Sarah Giddings came to Scripps Institution of Oceanography at UC San Diego from the University of Washington in 2014. She studies coastal physical oceanography, in particular the dynamics of estuaries. Her background is in environmental engineering with a specialty in fluid mechanics. This year she is one of several Scripps researchers studying the current El Niño season as a possible preview of future climate conditions that may become more frequent.
explorations now: What do you do for a living?
Sarah Giddings: I am a coastal physical oceanographer and I conduct research that focuses on the regions of the coastline where we have estuaries and bays, where rivers meet the ocean. I look at the physical transport mechanisms within estuaries and bays and also what comes out of them: river plumes that might have sediments or contaminants coming out of them.
I’m particularly interested in estuaries because they’re at the interface where humans use the coastal oceans, they’re very valuable to us in terms of resources and we’ve exploited them so we’re trying to figure out how to manage them most appropriately. I’m also interested in them because they’re at the intersection of what happens on land and what happens in the ocean.
en: What defines an estuary?
SG: An estuary is actually a little hard to define. The traditional definition is that it’s where a river meets the ocean. But in fact there are plenty of places where you don’t have to have a river input to consider it an estuarine environment. For example, here in Southern California and Baja California, we have bays that don’t have much, if any, freshwater input, yet I would consider them an estuary. What really makes them still an estuary is that they have very strong gradients in density, so they range from really salty to really fresh or really hot to really cold. Those density gradients drive circulation and they’re typically much stronger in estuaries than in the coastal ocean.

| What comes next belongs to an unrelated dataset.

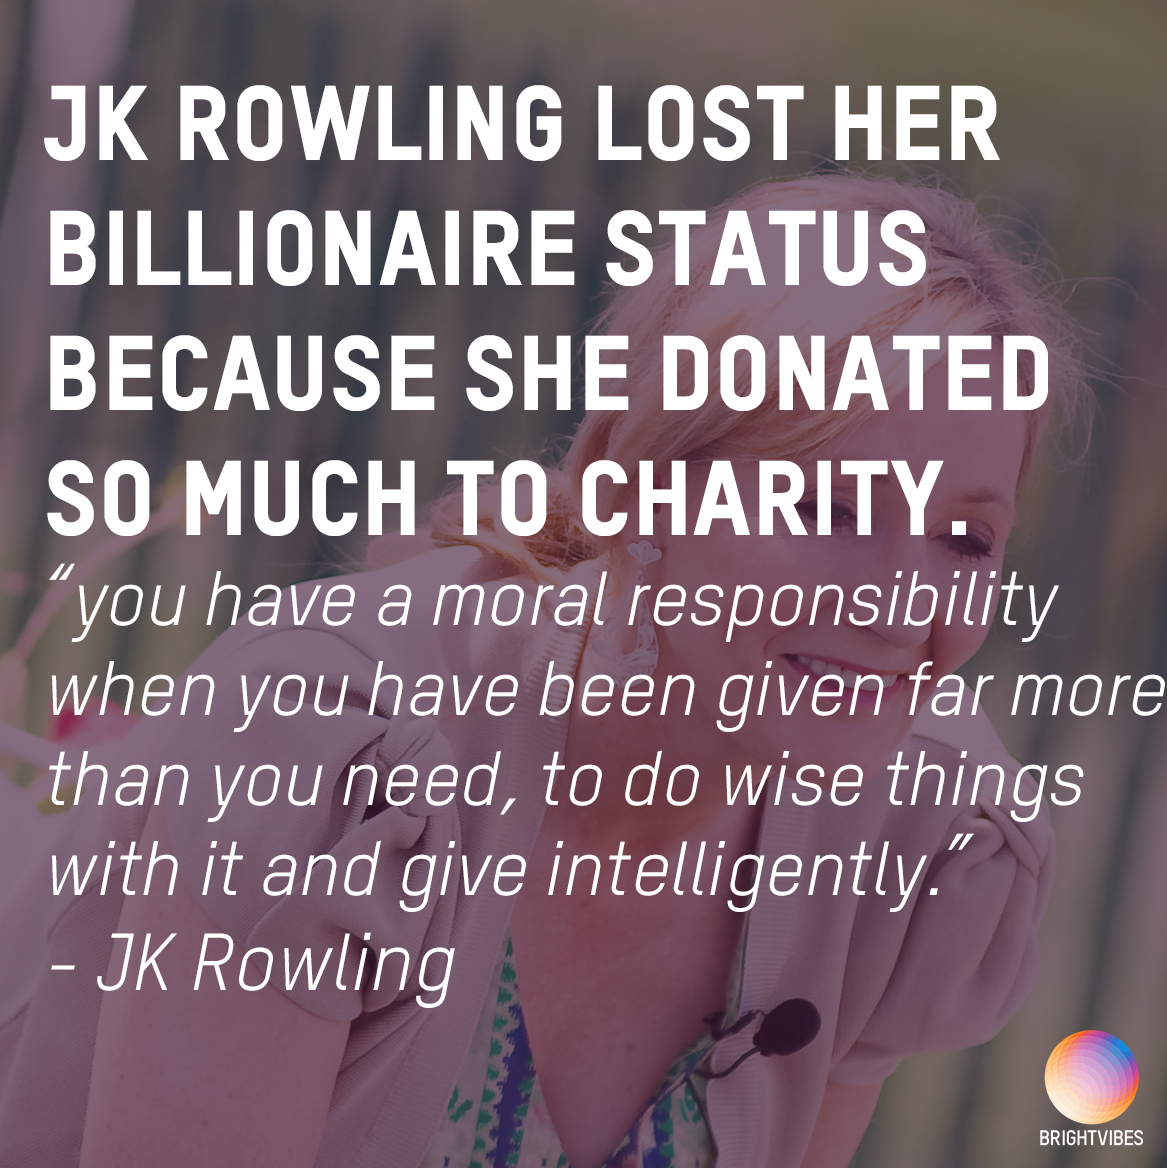 J.K. Rowling fell off the Fortune Billionaire list

en: What are some of the main questions in your field?
SG: We’re still focused on similar questions to those that we were asking a long time ago, which centers on the fact that all estuaries are a little bit different. There’s been a history of really understanding one particular estuary well but not being able to connect that to another estuary. Being able to connect dynamics between systems and classify estuaries and river plumes in terms of their functionality, in terms of physics and of the ecosystem, that’s still one of the biggest goals in estuarine science.
A big question connected to this goal is just being able to understand how an estuary circulates, how does water get from point A to point B and how much mixing occurs? That means the mixing of saltwater with freshwater. It also means mixing of potentially contaminated runoff with less contaminated ocean water and mixing of nutrients and oxygen. We are very interested in trying to come up with a framework that allows us to compare different estuaries of different sizes and shapes and dynamics.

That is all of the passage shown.